I interpret this section to mean that if you build a system which forms a beam to a single station,
transmits to the station, then forms a beam to the next station and repeats, then this is permitted
under the rules, and you can transmit at the point-to-point (3-for-1) power level.
In addition to the beamforming system, I could also envision a system built with a single
transmitter attached to some sort of fast antenna switch which is then attached to an array of
narrowbeam antennas. The system would pick the strongest antenna for the client, switch to that
antenna, transmit, and then repeat. Note that a polled system would most certainly be required
for this to work. Whether the FCC would certify this or not would be an entertaining point of
conversation with the FCC.
(iii) If a transmitter employs an antenna that operates simultaneously on
multiple directional beams using the same or different frequency channels, the
power supplied to each emission beam is subject to the power limit specified in
paragraph (c)(2)(ii) of this section. If transmitted beams overlap, the power shall
be reduced to ensure that their aggregate power does not exceed the limit
specified in paragraph (c)(2)(ii) of this section. In addition, the aggregate power
transmitted simultaneously on all beams shall not exceed the limit specified in
paragraph (c)(2)(ii) of this section by more than 8 dB.
In the context of paragraph (ii), paragraph (iii) seems fairly clear. All paragraph (iii) appears to
be describing is an enhanced version of a paragraph (ii) system which is capable of transmitting
on multiple beams simultaneously. This paragraph adds two additional requirements to this type
of system. The first is that you can't exceed the point-to-point EIRP limits in any direction, even
if you need to form two beams in the same direction. If you do transmit multiple beams in the
same direction, you have to reduce your power such that the limits aren't exceeded.
The second is the 8db limit. This essentially limits a system to being able to put out 6 fullpowered beams at once (in different directions). Because of the way the rule is written, it is
conceivable that a system could be set up to form more than the 6 beams at once and trade EIRP
for number of beams (or in other words, reduce power and increase the number of beams).
(iv) Transmitters that emit a single directional beam shall operate under the
provisions of paragraph (c)(1) of this section.

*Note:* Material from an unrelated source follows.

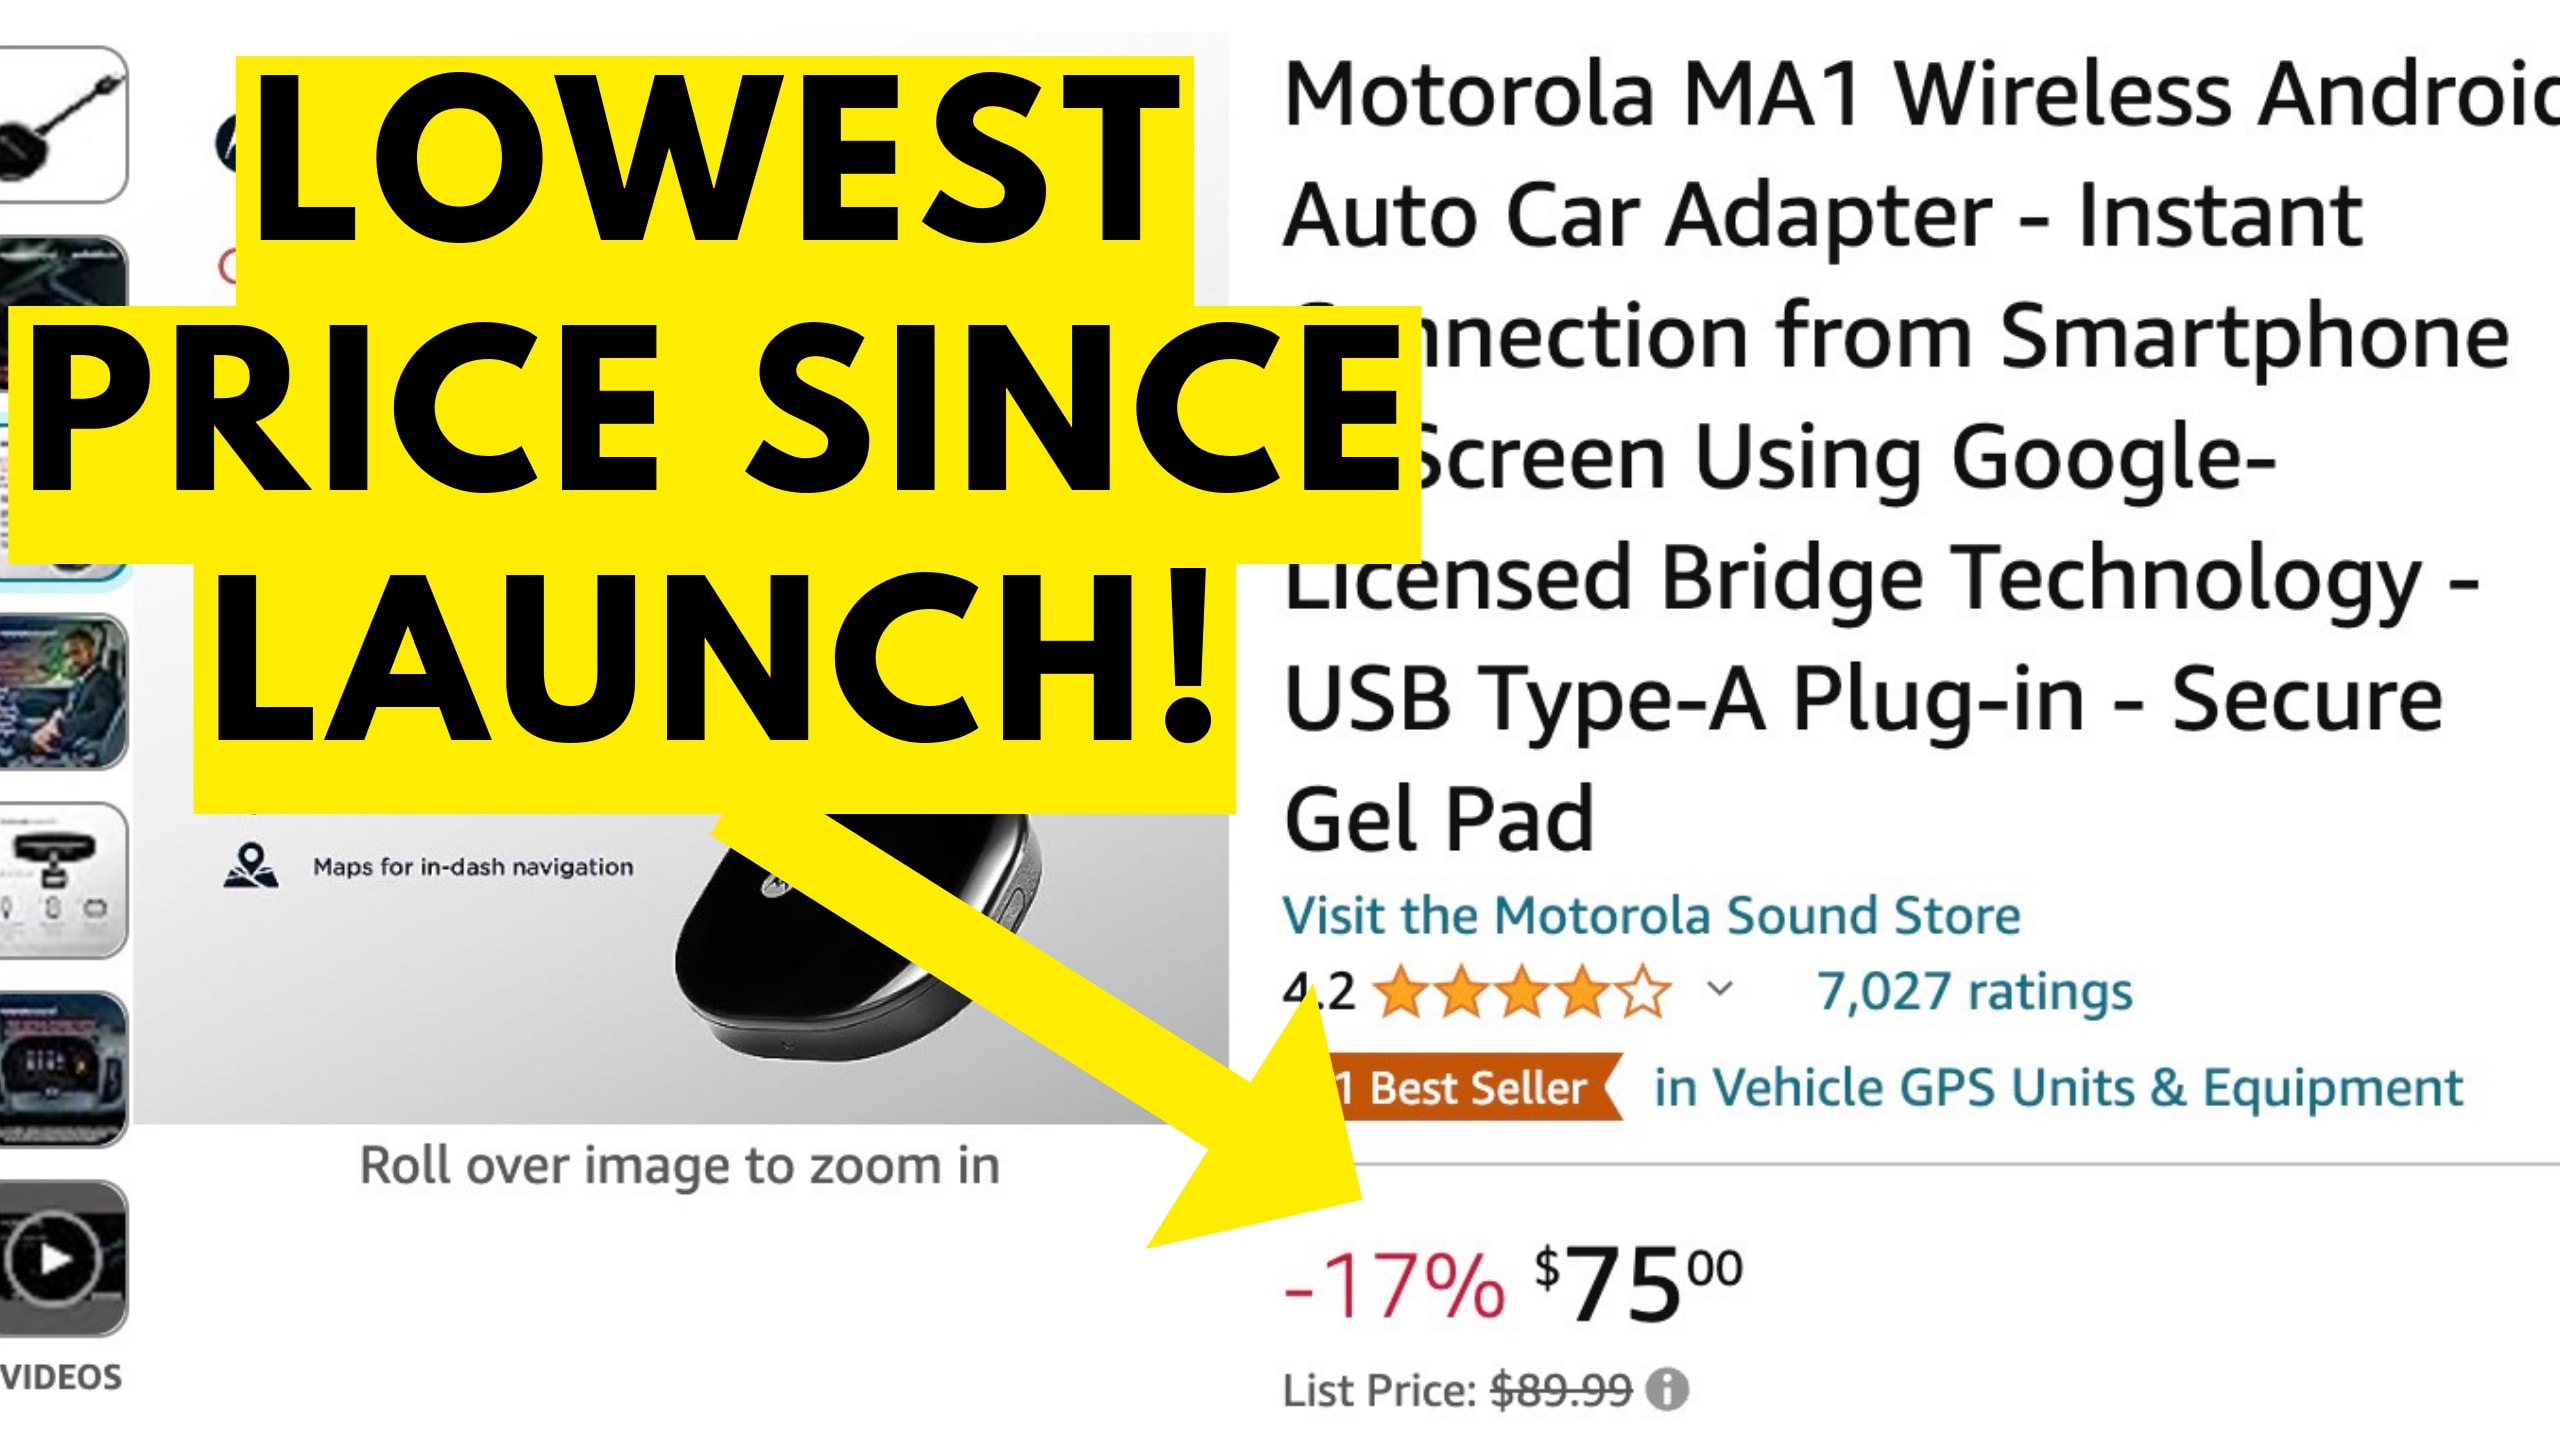 Top Android Auto Wireless Adapter Now Significantly Cheaper, Lowest Price  Since Launch - autoevolution

Paragraph (iv) basically closes a loophole which may have existed for systems which talk to only
one endpoint at once (see my comments under (i), above). You can't take a polled system and
put a sectoral antenna on it and be permitted under the rules. You have to have some sort of
more advanced antenna system. I.E. something which beamforms or similar.
The remainder of this section deals with out of band limits and power spectral density limits,
which aren't all that interesting to WISPs, so I have omitted them.
Summary.
Although the FCC's rule changes were expected to make significant changes which would benefit
WISPs, it seems that the rule changes actually do very little. Specifically:
1) The rules appear to not permit WISP's to change antennas at will. The rules do appear to
make it easier and less expensive for manufacturers to authorize additional antennas for use with
their systems, but the responsibility still appears to be with the manufacturer to authorize the
antennas.
2) Although the FCC said in their Report & Order that they were wanting to permit sectoral
antennas under the point-to-point rules, no traditional point-to-multipoint sectoral system appears
to be able to comply with the new rules. Instead, a system must do some sort of dynamic
beamforming (or direct beams in a given direction in some other sort of dynamic way), and must
talk to a single station at a time. Or, put a different way, beamform, transmit, repeat.
I would love to be wrong in both of these cases. It would make my life as a WISP a lot easier in
some cases. Unfortunately, I'm not convinced that I am. If someone from the FCC would like
to further clarify any of the above issues, I would love to hear from them.